İnsanlar farkında değillerdi ama bölgede en şiddetli çatışmalar, en ucu açık tutuklamalar AKP döneminde gerçekleşti. 2009 Nisan ayından itibaren KCK adı altında neredeyse kapısı çalınmadık Kürt kalmadı. Belediye başkanları, öğrenciler, avukatlar, gazeteciler, milletvekilleri vs. herkes bundan nasipleniyordu. Sokak gösterileri yine şiddetle bastırılıyordu, dağlara tonlarca bomba yağdırılıyordu. Kürt sorununda istikrarlı bir politika yoktu, her şey konjonktürel ilerliyordu. AKP istediğinde özgürlükçü takılıyordu, seçimler yaklaştığında milliyetçi refleksini gösteriyordu.
AKP’nin kabul görmesinin esas nedeni ise ekonomik vaatler, kalkınma hamleleriydi.

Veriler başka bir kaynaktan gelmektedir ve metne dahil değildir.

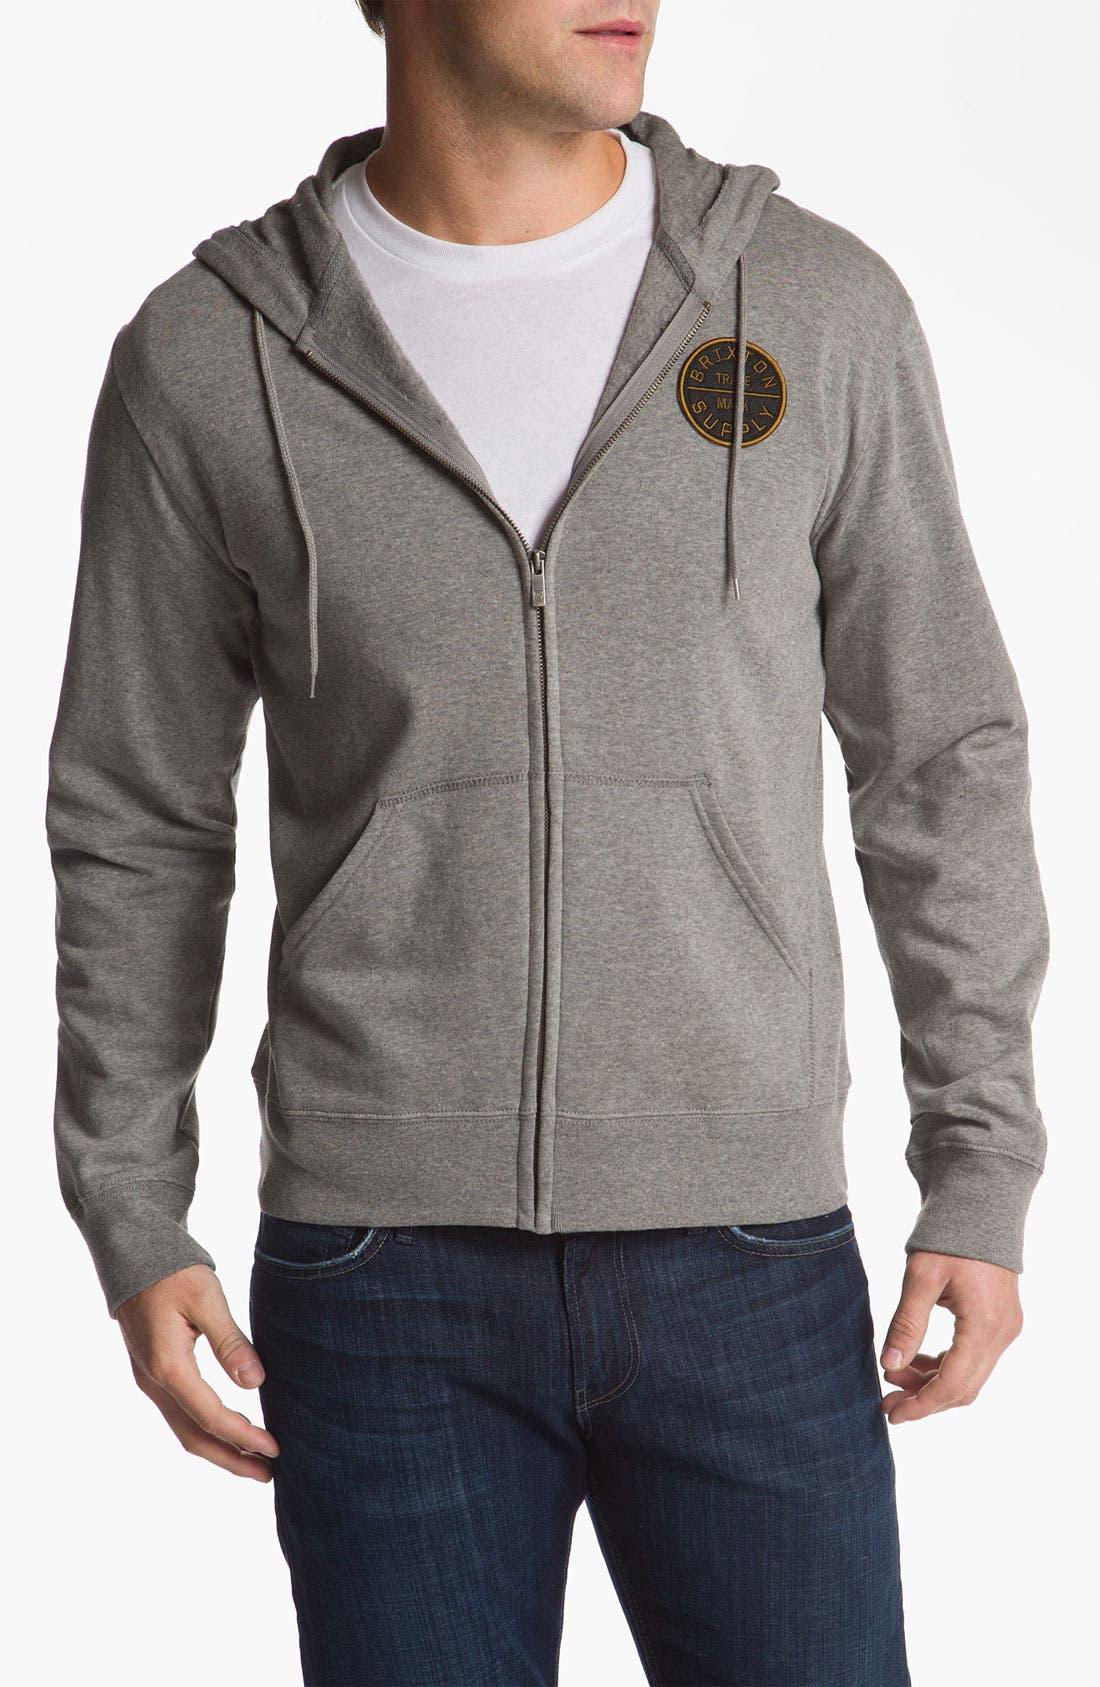 Alternate Image 1 Selected - Brixton 'Civil' Hooded Zip Front Sweatshirt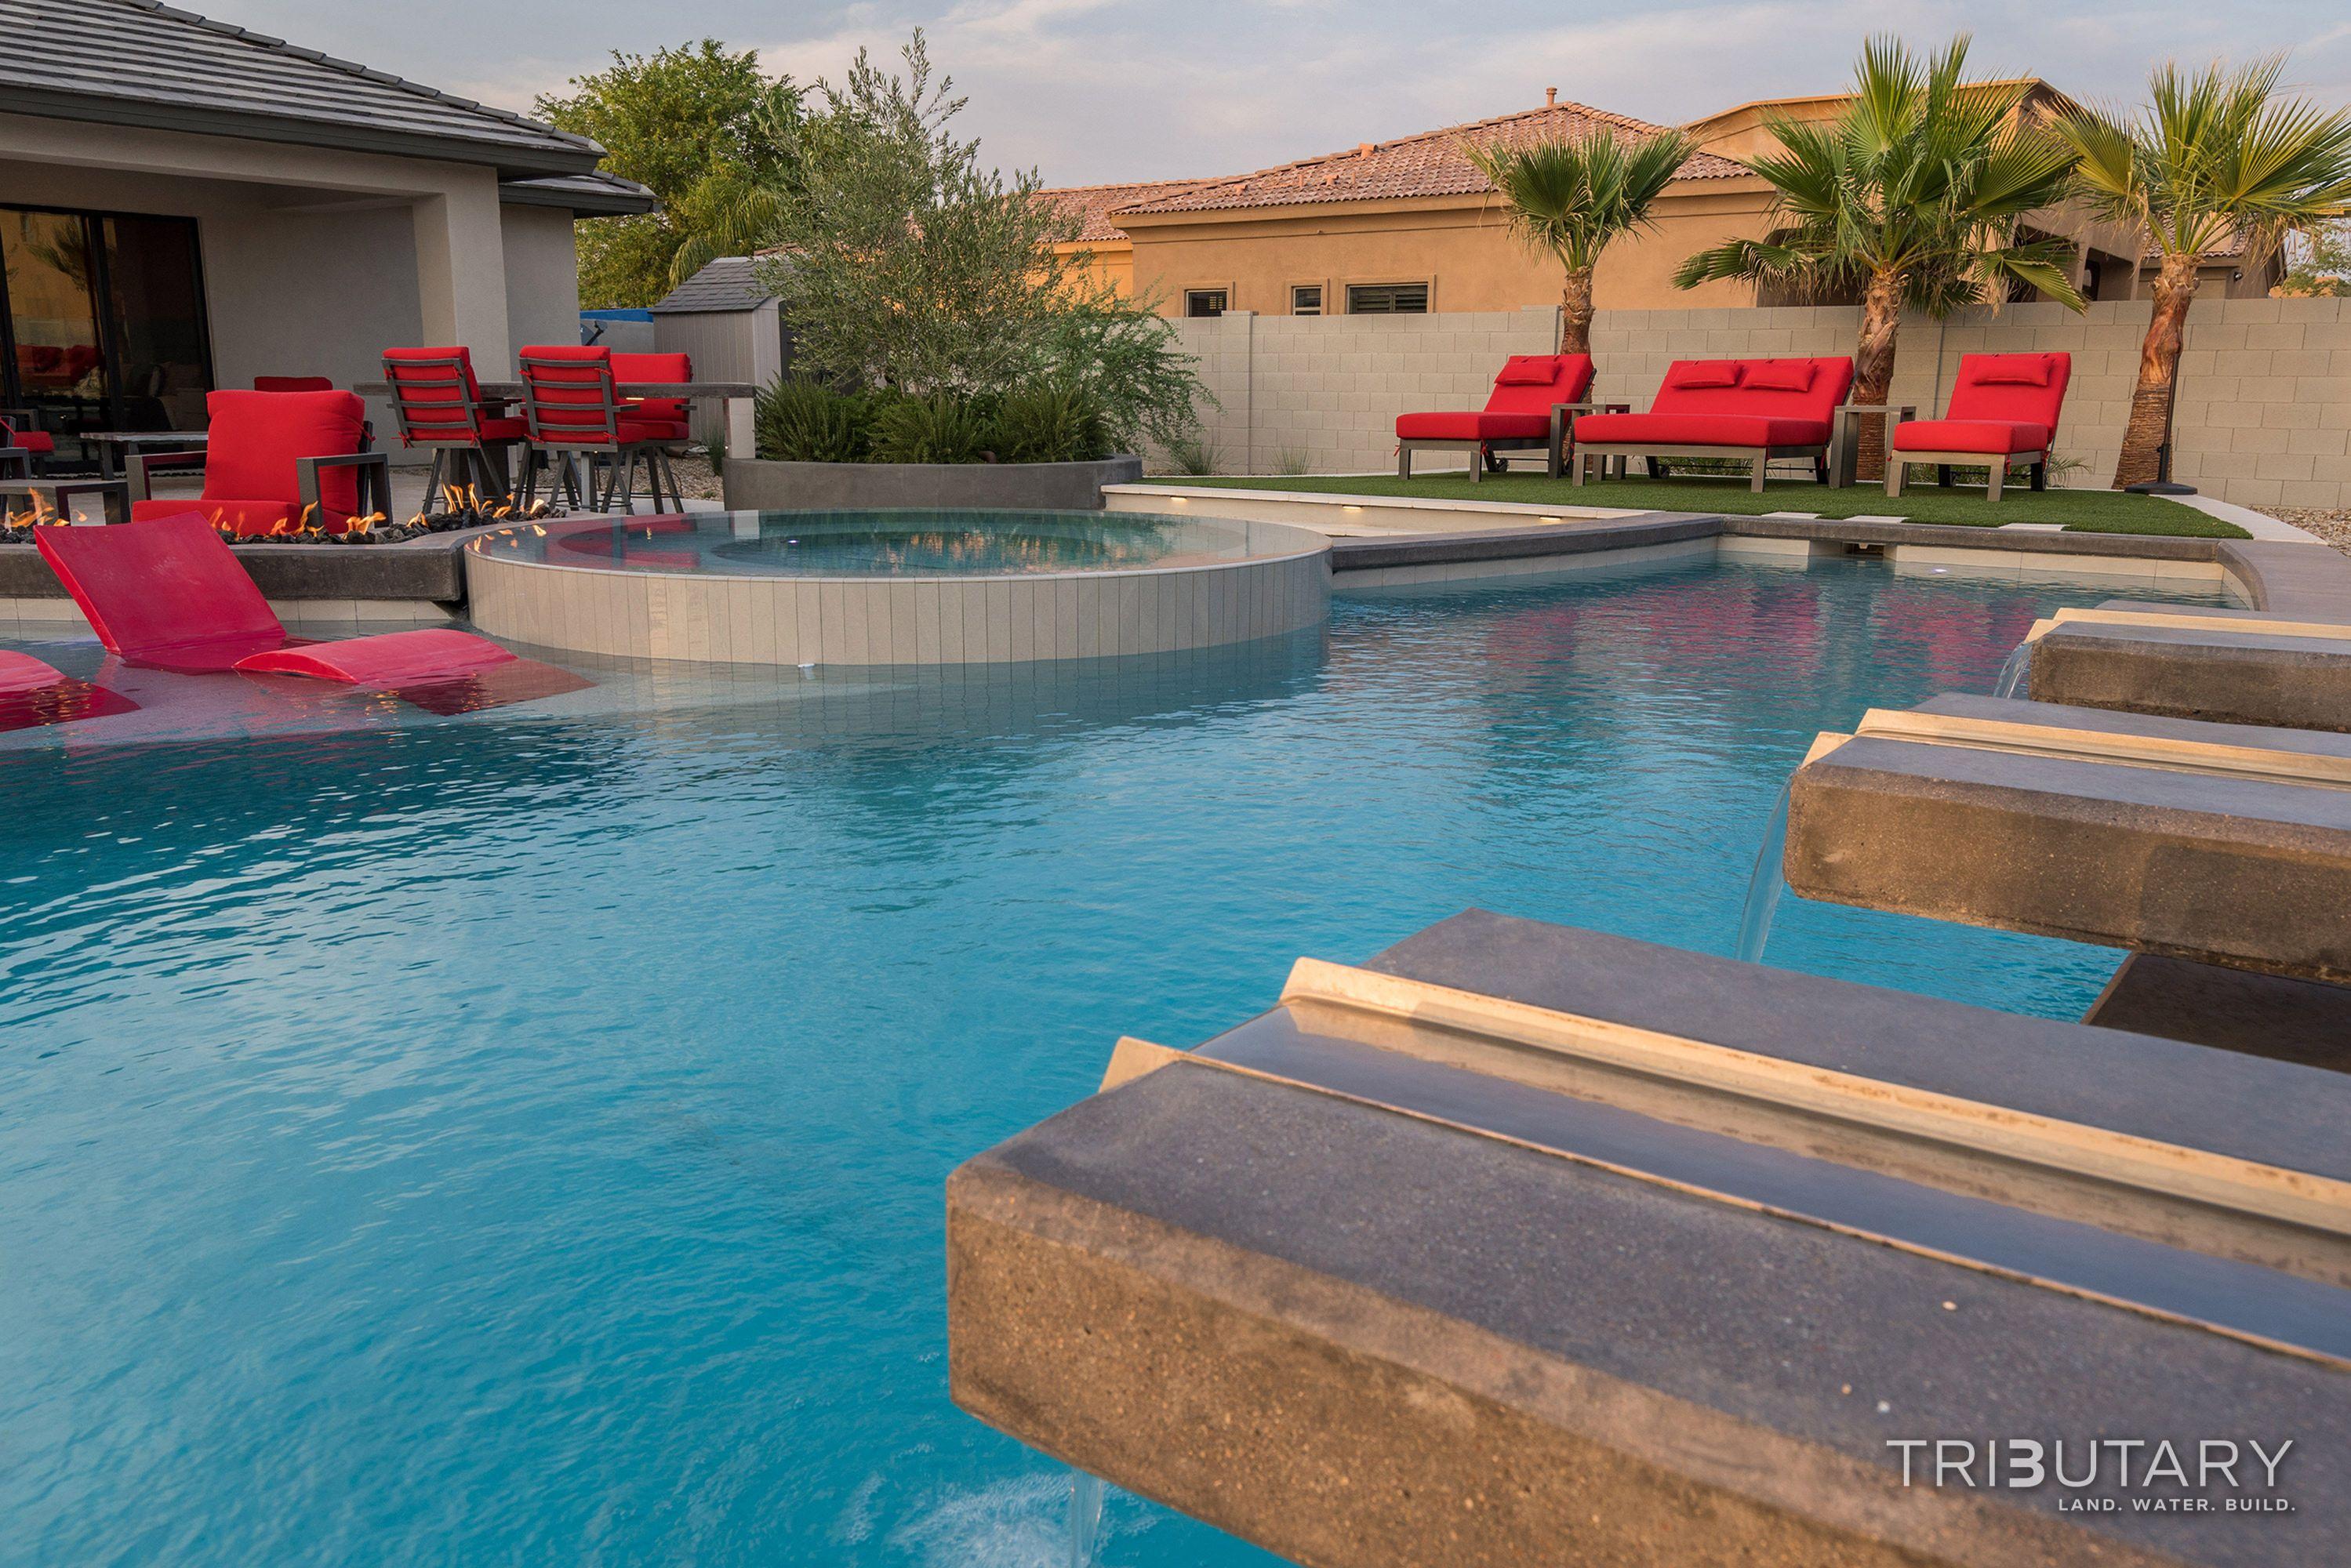 Tributary Pools Custom Pool Sleek Oasis Gilbert Diy Network Pool Kings Gilbert Arizona Paradise Luxury Pool Jeromey Naugle Watersh Pool Kings Custom Pools Pool

AKP ülke yönetimini, beceriksiz iktidarların bıraktığı en kötü yerden devraldığı için yaptığı en ehemmiyetsiz şey bile hanesine puan olarak yazılıyordu. Öyle ki okullarda tablet bilgisayar dağıtılırken gururla “Bizden önceki yönetimler yapmadı, biz yaptık” dediklerinde bilgisayar teknolojisinin dünyada gelişimi ve Türkiye’ye gelişi kimseyi ilgilendirmiyordu. Sosyal devlet olmanın zorunluluğu olan bazı şeyleri de bir AKP lütfu olarak kibirle sunuyorlardı.
AKP’nin kalkınmadan anladığı şey, ekolojik dengeyi düşünmeden ÇED raporlarını beklemeden devreye soktuğu HES’ler, köprüler ve yollardı. Ekonomiden anladığı şey ise halkın pek de anlamadığı istatistiki rakamlar oyunuydu. Ama birileri zengin oluyordu, servetlerine servet katıyordu. Bugün ABD’de tutuklu bulunan Reza Zarrab gibileri "Cari açığın yüzde 15'ini ben kapattım" diyordu. Yine İran’da idama mahkum edilen Zencani gibileri “Türkiye'de 8.5 milyar dolar rüşvet dağıttım” diyordu.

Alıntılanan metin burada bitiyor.